# Yarn shops in Rome, Florence and Venice



## PamieSue1 (Feb 14, 2011)

My husband has surprised me with a 40th anniversary trip to Rome, Florence and Venice in October. He did a fantastic job of making all the reservations for EVERYTHING! I would love to go to at least one yarn shop in each place (if time allows) and of course the markets. Has anyone recently been to any shops in these cities?


----------



## msmarie1 (Jun 2, 2013)

Pamie sue....how lucky are You?? you will enjoy for sure...
I was in Rome, Florence and Venice..but at the time never looked
for Yarn...sorry...but Florence has such beautiful Jewelry& Gold
Rome..I was amazed by the Cistine chapel etc.. and didn't think 
about Yarn...but Venice, you might find some...I visited a teaching
class where I believe Nuns were teaching young girls to make Lace
so they might have yarns there if you can find the area...
I believe Venice you will be able to find some yarn shops etc..
Such a lovely City....all water....boats, gondolas etc...
St. Marks plaza has some gorgeous shops....so be prepared...
for a lovely vacation....Hug your Husband for a Beautiful Thoughtful
Gift....Happy Anniversary...let us know, when you get back..
Bon-Voyage........msmarie1 .


----------



## kipsalot (Jan 2, 2013)

Oh what a lovely gift. What a thoughtful husband. How you do think like me. I would check two things: my itinerary and local maps for the locations of yarn shops/farms where I might be able to purchase yarns near our stays and outings. Have a wonderful time with your wonderful husband.


----------



## judyh47 (Nov 11, 2012)

I am taking my DH to Venice for his birthday later this year and used Knitmap to find a yarn shop .... well, I have to get something out of the trip too. Lol.
There is a store in Sestiere San Marco 3718.
http://www.knitmap.com/locations/lellabella

Enjoy!


----------



## SHCooper (May 8, 2011)

Our trip to Italy focused more on small towns. We did spend a few hours in Rome and Florence but were busy trying to take it all in, so didn't look for yarn shops there. We did, however spend a few days in Venice and went to Lellabella (http://lellabellavenezia.com) where I bought a couple balls of a novelty type yarn for a spring/summer look scarf. It is a tiny place run by a mother/daughter combo. Mother speaks "enough" English to be helpful for Americans who do not speak Italian but says daughter is much more fluent. Daughter does their website.
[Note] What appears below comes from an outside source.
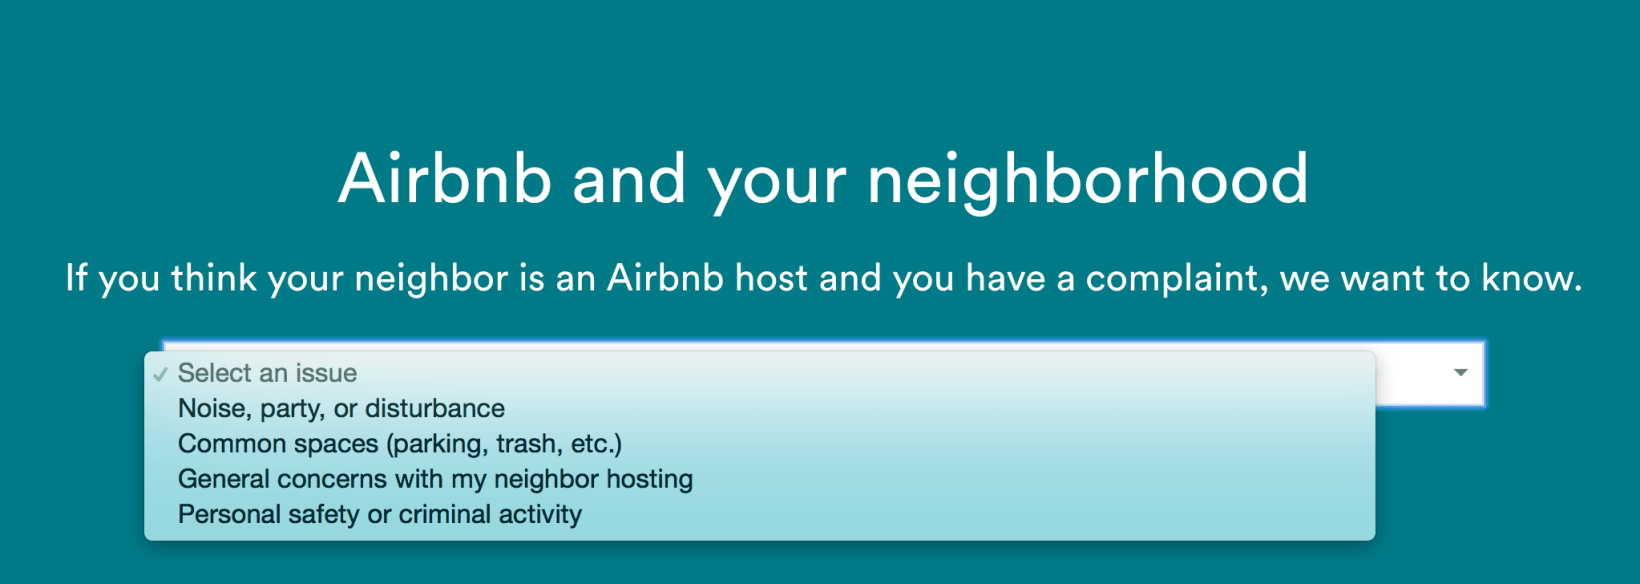 airbnb neighbors

It was not an easy place to find but well worth the hunt. It is at the base of one of the zillions of bridges and tucked almost behind the stairs to the bridge.
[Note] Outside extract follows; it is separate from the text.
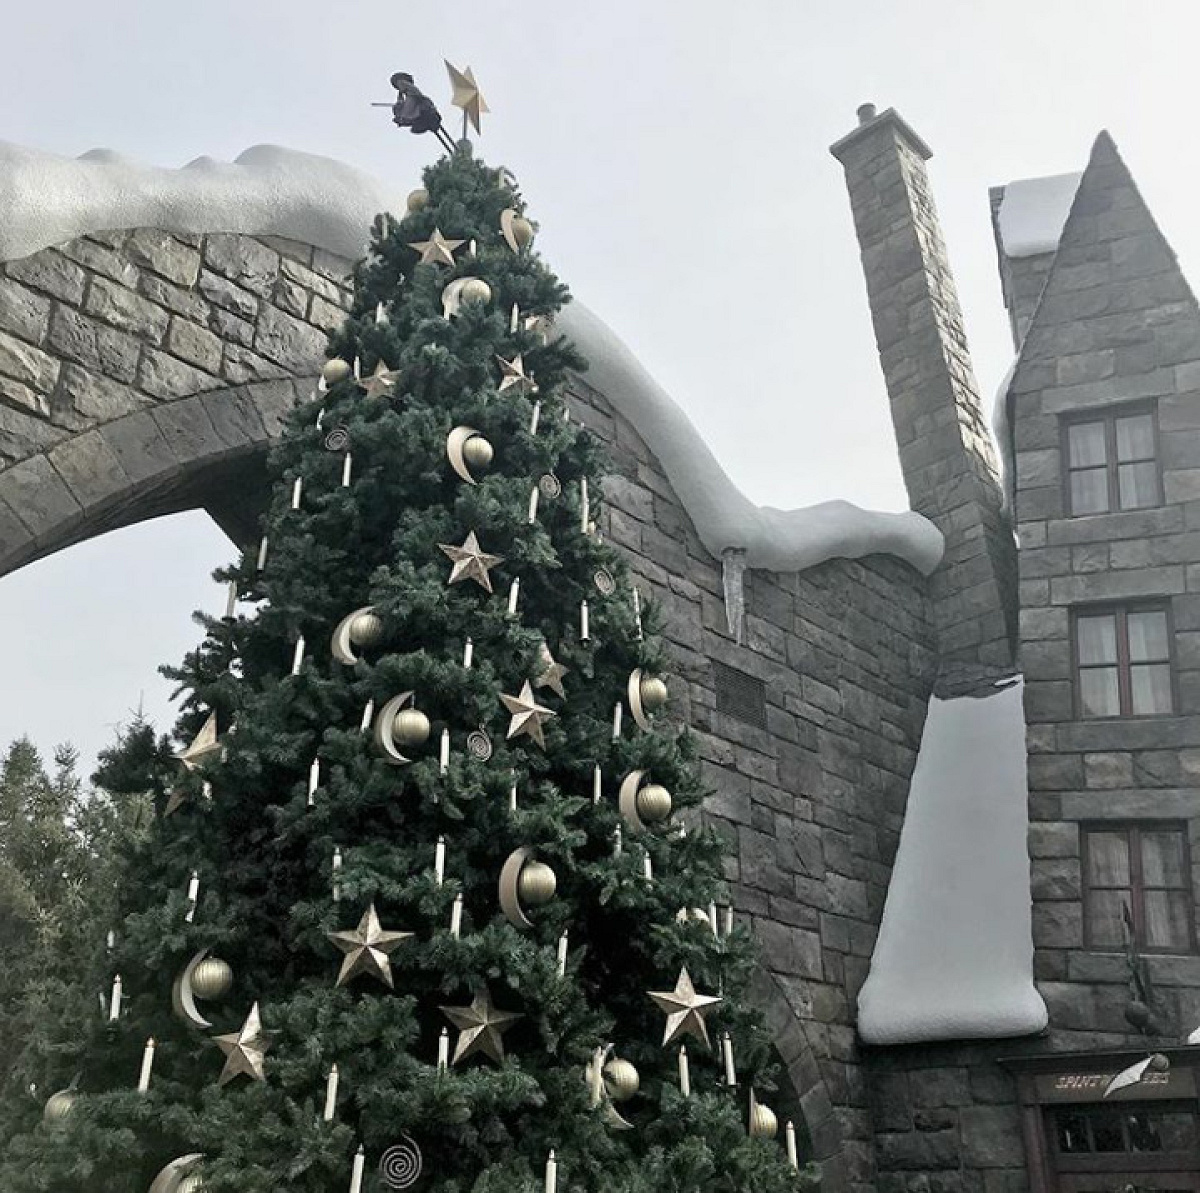 USJハリーポッターエリア/魔法界のクリスマスツリー

Enjoy your trip! Venice was my favorite of the "real" cities we visited in Italy.


----------



## SHCooper (May 8, 2011)

To look at the site:
http://lellabellavenezia.com

trying to click on it in ( ) doesn't work because the ( ) also gets attached as part if the address.


----------



## PamieSue1 (Feb 14, 2011)

Thanks, MsMarie! I met my hubby in Gaeta, Italy in the 70's and I lived in Italy 4 years, 2 1/2 while in high school in Vicenza as a dorm student. Then I lived with my parents in Gaeta for the rest of the time, so I've been to the major cities and seen things, but didn't really appreciate what I was experiencing at the time. So this will be a fabulous trip! I googled yarn shops and there are several in Rome, but we may be just to busy to see more than 1. Haven't searched for stores in the Florence or Venice yet. Burano is where they make the lace and we plan to visit there as well.


----------



## PamieSue1 (Feb 14, 2011)

judyh47 said:


> I am taking my DH to Venice for his birthday later this year and used Knitmap to find a yarn shop .... well, I have to get something out of the trip too. Lol.
> There is a store in Sestiere San Marco 3718.
> http://www.knitmap.com/locations/lellabella
> 
> Enjoy!


You will love it, Judy! Thanks for the Sestiere San Marco yarn shop info and the link to KnitMap!


----------



## PamieSue1 (Feb 14, 2011)

SHCooper said:


> Our trip to Italy focused more on small towns. We did spend a few hours in Rome and Florence but were busy trying to take it all in, so didn't look for yarn shops there. We did, however spend a few days in Venice and went to Lellabella (http://lellabellavenezia.com) where I bought a couple balls of a novelty type yarn for a spring/summer look scarf. It is a tiny place run by a mother/daughter combo. Mother speaks "enough" English to be helpful for Americans who do not speak Italian but says daughter is much more fluent. Daughter does their website. It was not an easy place to find but well worth the hunt. It is at the base of one of the zillions of bridges and tucked almost behind the stairs to the bridge.
> 
> Enjoy your trip! Venice was my favorite of the "real" cities we visited in Italy.


Thanks for the info regarding Lellabella. I'll put it on the list! I speak enough Italian to be dangerous!!! Am using Rosetta Stone to refresh my memory.


----------



## TeriRains (Jan 26, 2011)

My husband and I walked past a yarn shop in Venice. Unfortunately it was closed and they don't really have "hours" posted like we do! I was so bummed!!!!!!!


----------



## PamieSue1 (Feb 14, 2011)

Update---Back from Italy trip! Had a blast! Found LellaBella in Venice, after walking about a mile down various alleys and over canals! It is a very tiny shop, just big enough for the owner, her Mom and me to walk around in. They were rearranging the shop. They had a limited supply of yarn, but were very nice. I bought 2 skeins of yarn, but haven't started anything with it yet.


----------